On Saturday, 13 May 2017 at 14:41:50 UTC, Stanislav Blinov wrote:
template types(args...) {
   static if (args.length)
alias types = AliasSeq!(typeof(args[0]), types!(args[1..$]));
   else
       alias types = AliasSeq!();
}
...
   foreach(i, T; types!args) {

typeof(args) ;-)

       static if (is(T == string)) {
pragma(msg, format!"Argument %d is a string, which is not supported"
                   (i+1));

The problem with this approach is all the work required to convert existing code to use this style. Breaking the binary ops of the constraint into parts and reporting which failed (as the other replies mention) already would work with existing code, even if your approach can allow better messages. The binary ops part would immediately bring a huge improvement, despite any deficiencies.

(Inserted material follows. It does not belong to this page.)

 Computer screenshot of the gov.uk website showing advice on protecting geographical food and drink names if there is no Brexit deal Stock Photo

There are other alternatives, e.g. there's a DIP by Kenji Hara:

https://wiki.dlang.org/User:9rnsr/DIP:_Template_Parameter_Constraint

The approach I'm proposing is more flexible though, as it would allow to evaluate all arguments as a unit and infer more information (e.g. __traits(isRef, args[i]). Constraint on every argument won't allow the latter, and would potentially require writing more explicit overloads.

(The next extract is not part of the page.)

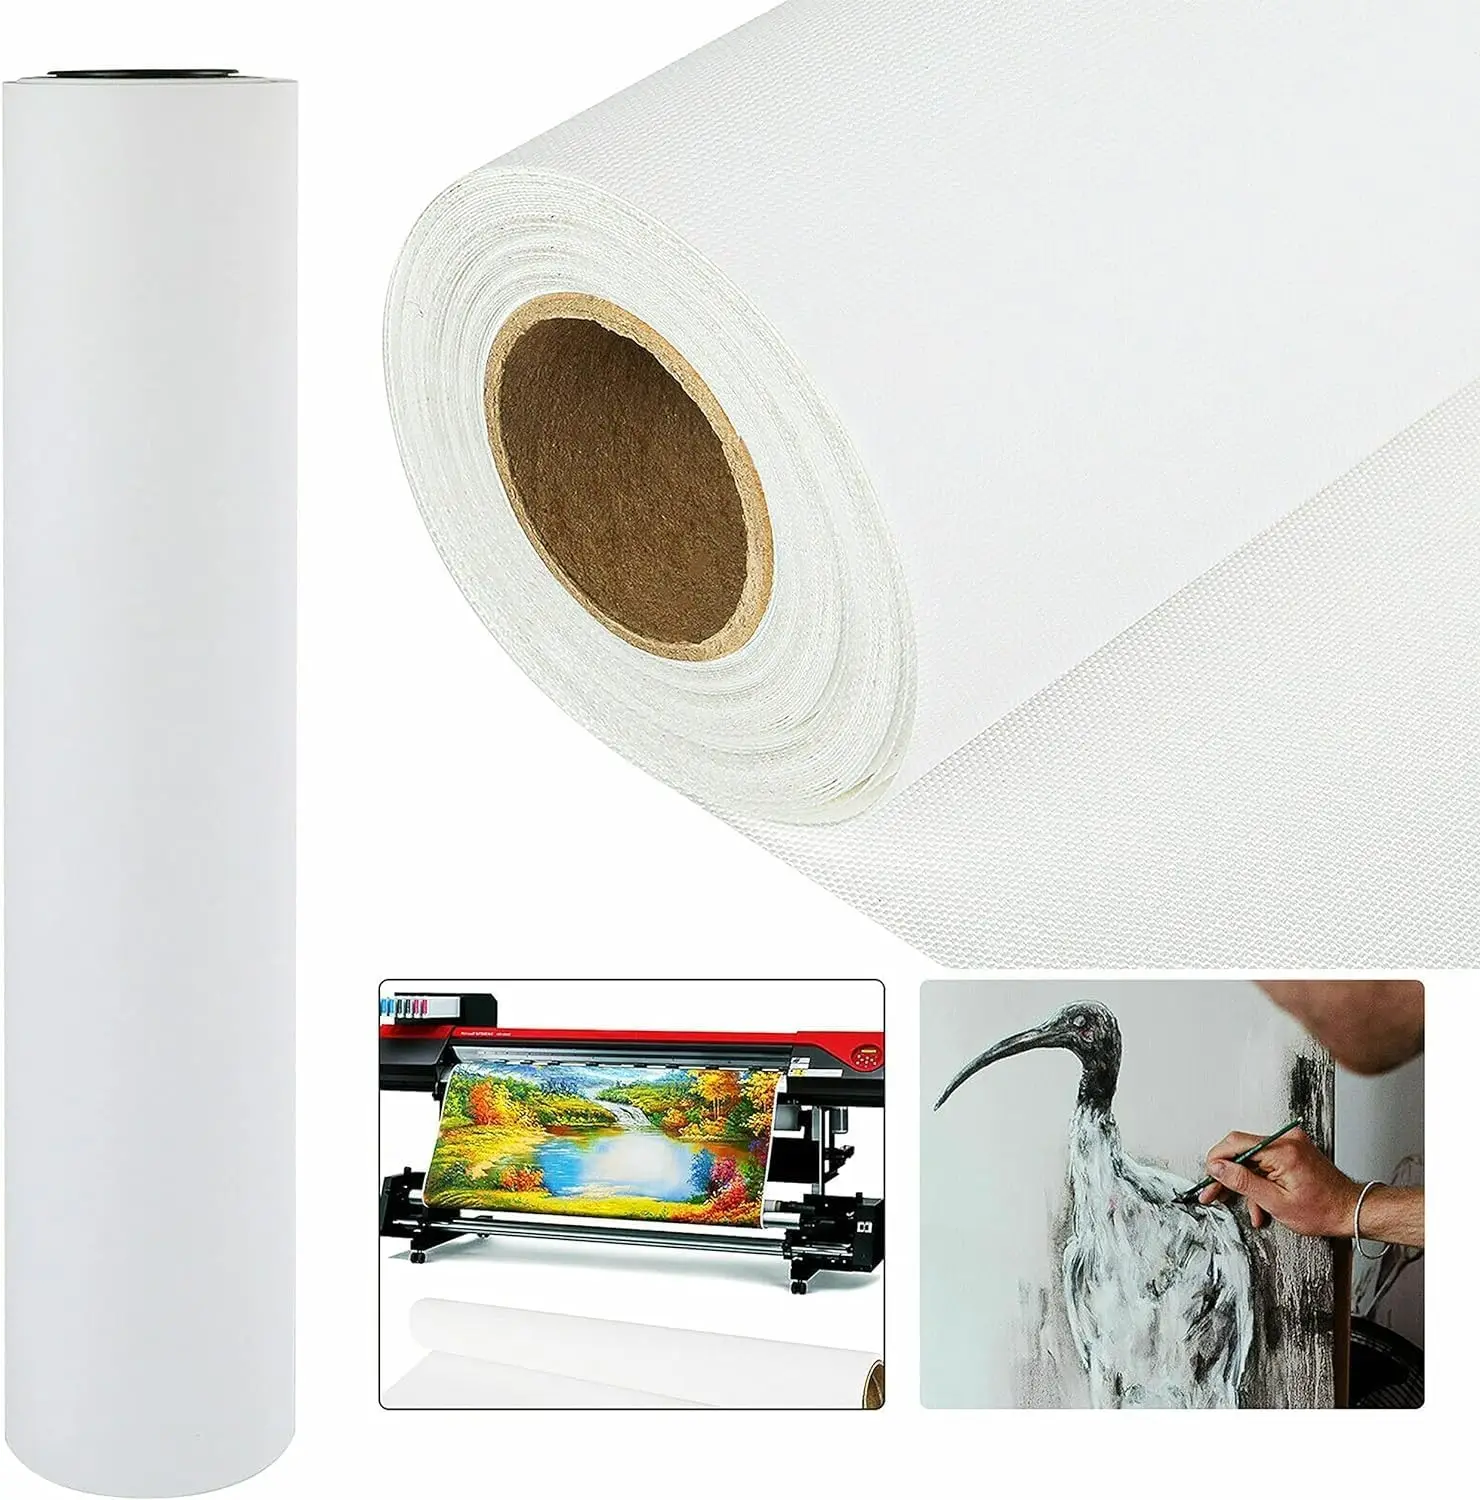 Digital Canvas Roll Wall Art Large Fabric Pure Cotton White Blank Waterproof Painting Canvas For Acrylic Paint Marker

I think we should allow inline constraints*, non-inline constraints can still be used/combined. Inline constraints are easier to read and relate to what they affect, allowing any non-inline constraint to be considered as something with a wider scope (i.e., multiple arguments).

* template foo(R if isInputRange)

A side benefit is enum/alias/variable templates, they don't currently allow constraints in the grammar - they could have inline constraints without harming readability (presumably why constraints aren't supported).